RE: Why we might be alone in the Universe
May 9, 2019 at 11:18 am
(This post was last modified: May 9, 2019 at 11:36 am by Anomalocaris.)
(May 9, 2019 at 6:46 am)Gawdzilla Sama Wrote:(May 9, 2019 at 6:31 am)Alan V Wrote: Long distance relationships never work out.
I met my wife online. Me, St. Louis. Her, Albuquerque. We exchanged in excess of 20,000 messages (each) before we actually met. We will have been married nine years in July.
Now if she had been on Aldebaran...
A wifely nag will take a long time to cross 65 light years......
(May 8, 2019 at 11:43 pm)vulcanlogician Wrote:(May 8, 2019 at 11:08 pm)Anomalocaris Wrote: “Might” means probability of what?
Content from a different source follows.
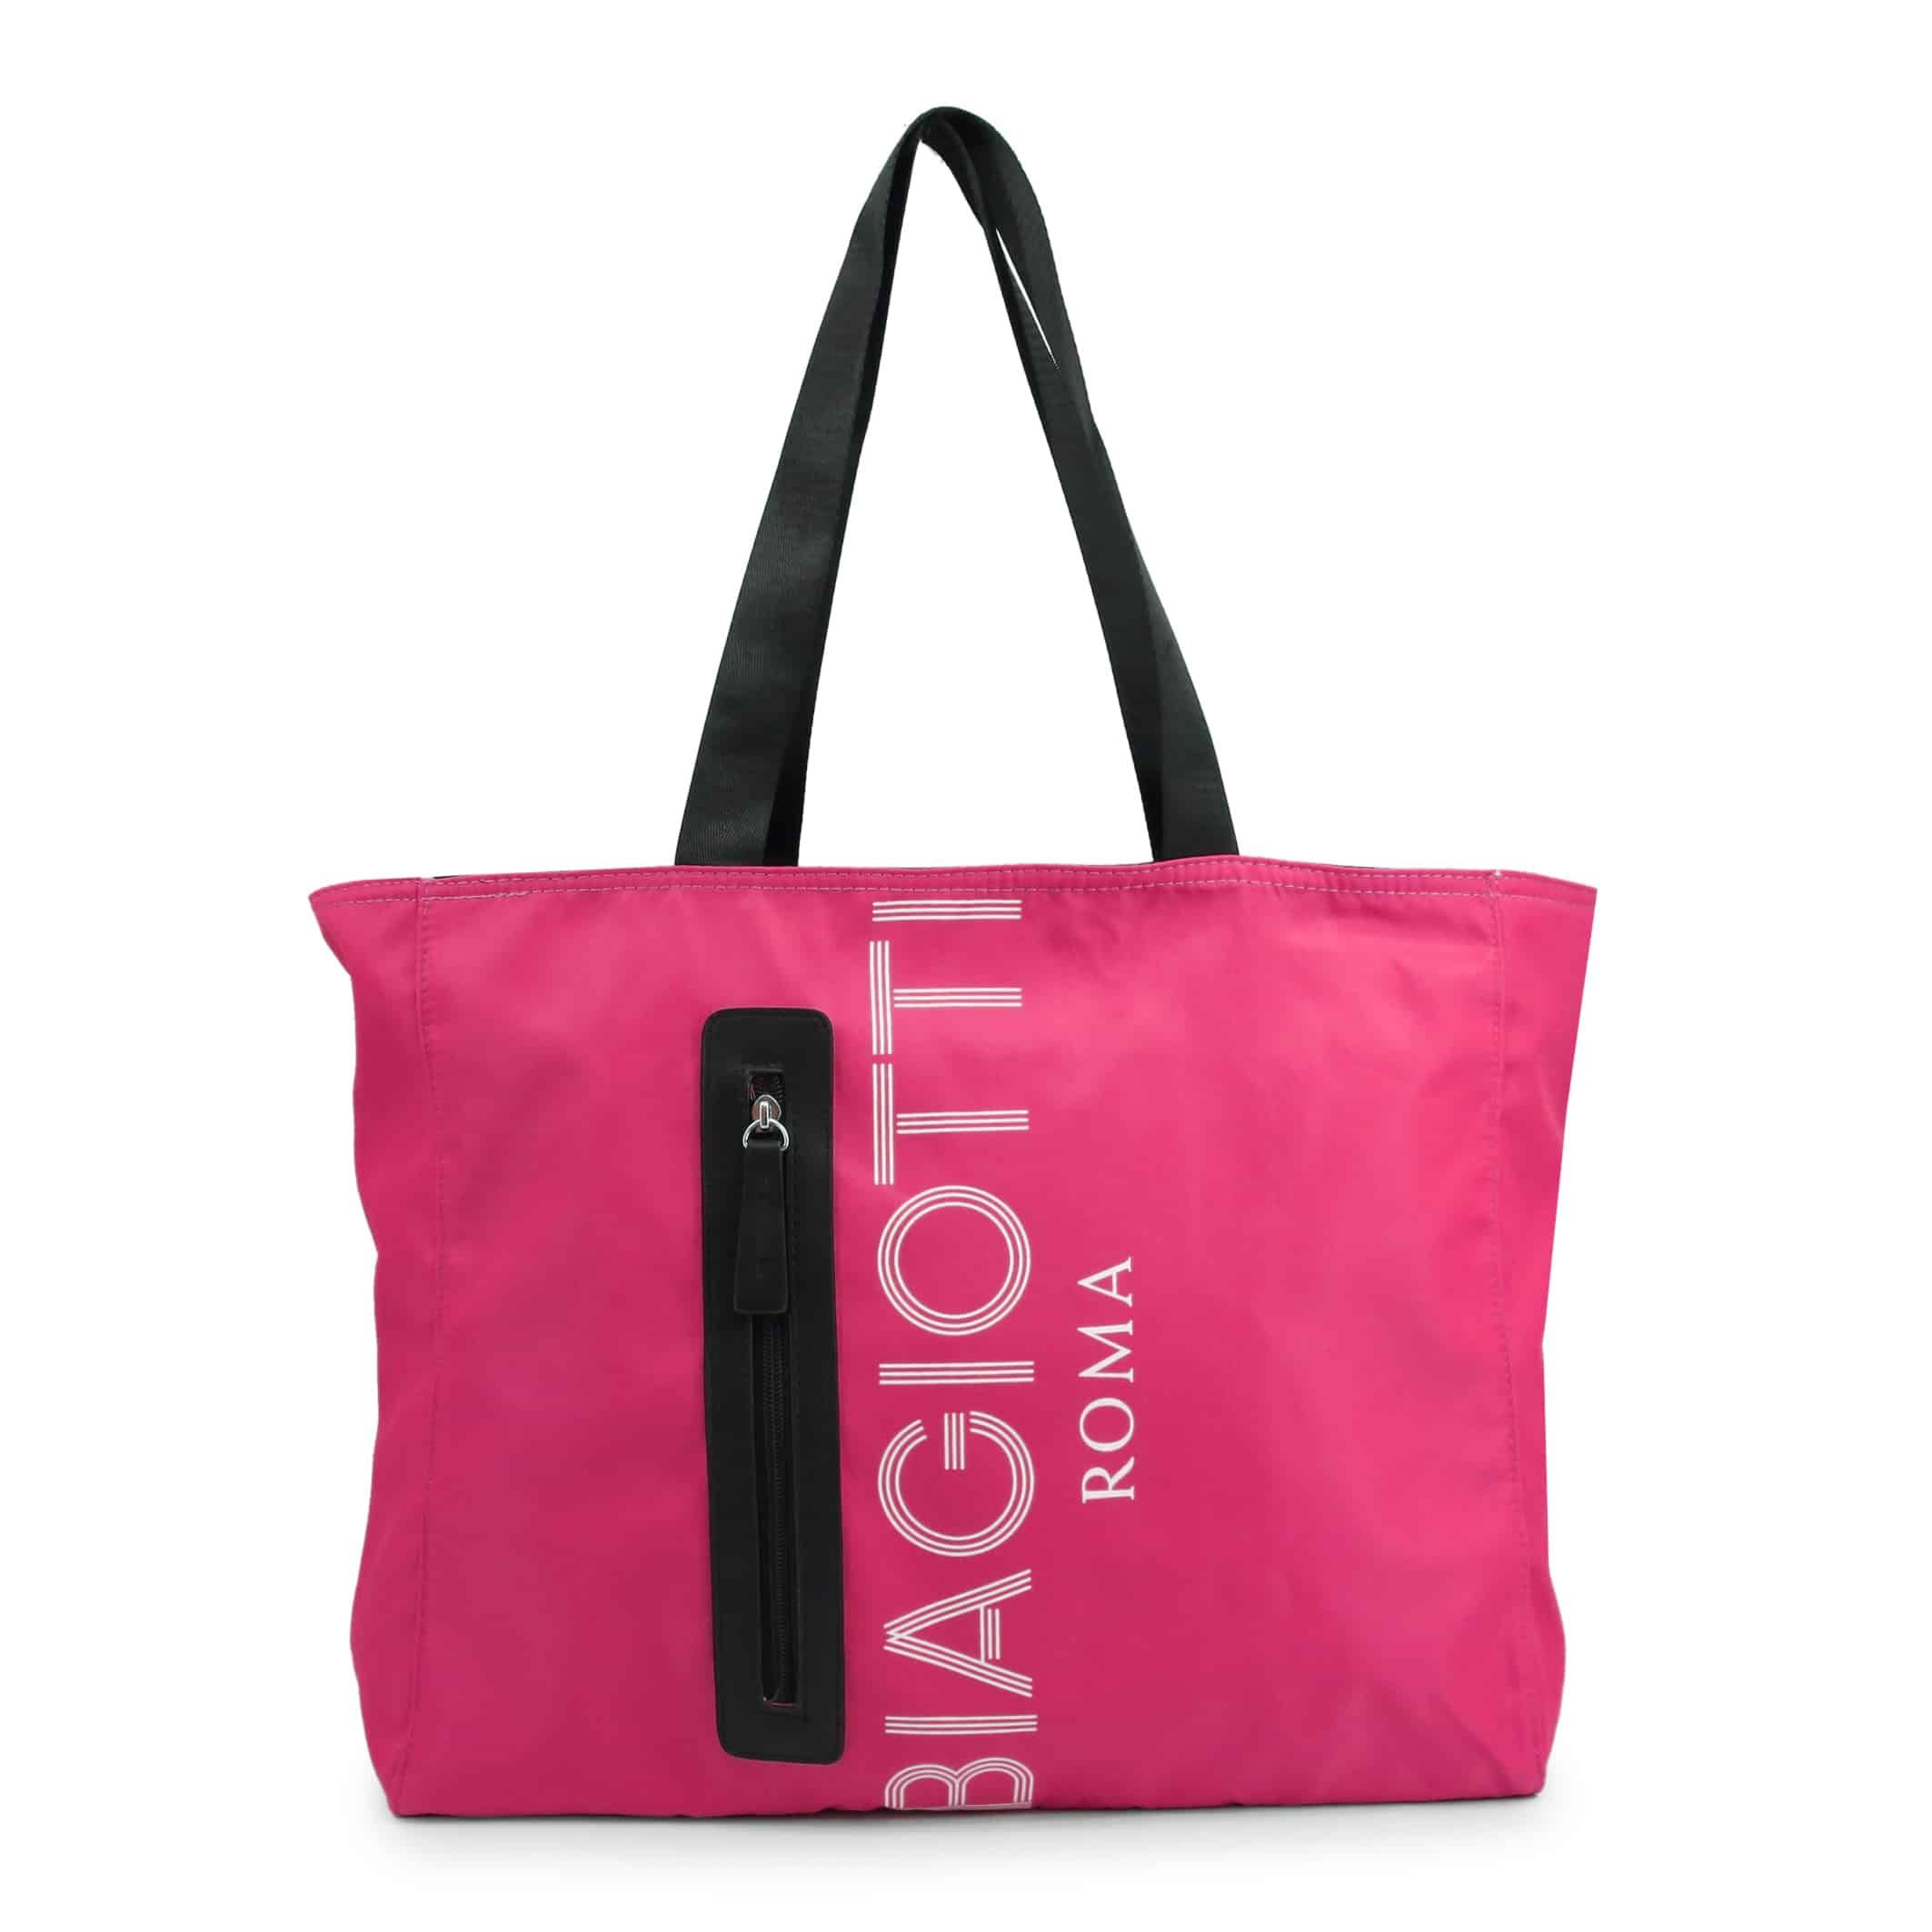 Laura Biagiotti - LEYA_LB20S-261-1    You Fashion Outlet

Alone in the universe as in which specific definition of the universe?
If any technological civilization evolved somewhere in the universe within the period when our solar system existed, and that civilization made an concerted effort to show us an unmissable sign of its existence that conquers any distance or intervening obstruction, that civilization still has to be in a very tiny portion of the entire observable universe, roughly a volume equal to 0.5% of the total observable universe, for it to even be theoretically possible for us to see those signs.
The video answers (or at least explores) the first two questions. The third is unrelated to its thesis.
I see the video more as a counterpoint to those claiming that life elsewhere in the universe is likely given the size of the observable universe and (apparently) large number of earth-like planets.
We have one data point, it argues, and there are plenty of other factors to consider.
The third is entirely relevant to the thesis. Even if we exhaustively eliminated any possibility of any technological civilization from every part of the entire universe whence any indication of any technological civilization can even be theoretically be accessible to us, we would have ruled out the presence of technological civilization from just a few % of the volume of the observable universe, and just for one single conical slice of time. But we are so far from having exhaustively ruled that out, that to first, second and third degree of approximation we can say we are 0% of the way there.
In other words, we are not in, and has no prospect of ever being in, any position to observationally contradict the probabilistic assessment that other technological civilization likely exist in some numbers elsewhere in the universe.
Even if the average distance between any technological civilization that ever arise is 1 billion light years when they arise, there can still be >10,000 technological civilizations that arose within the observable volume of universe.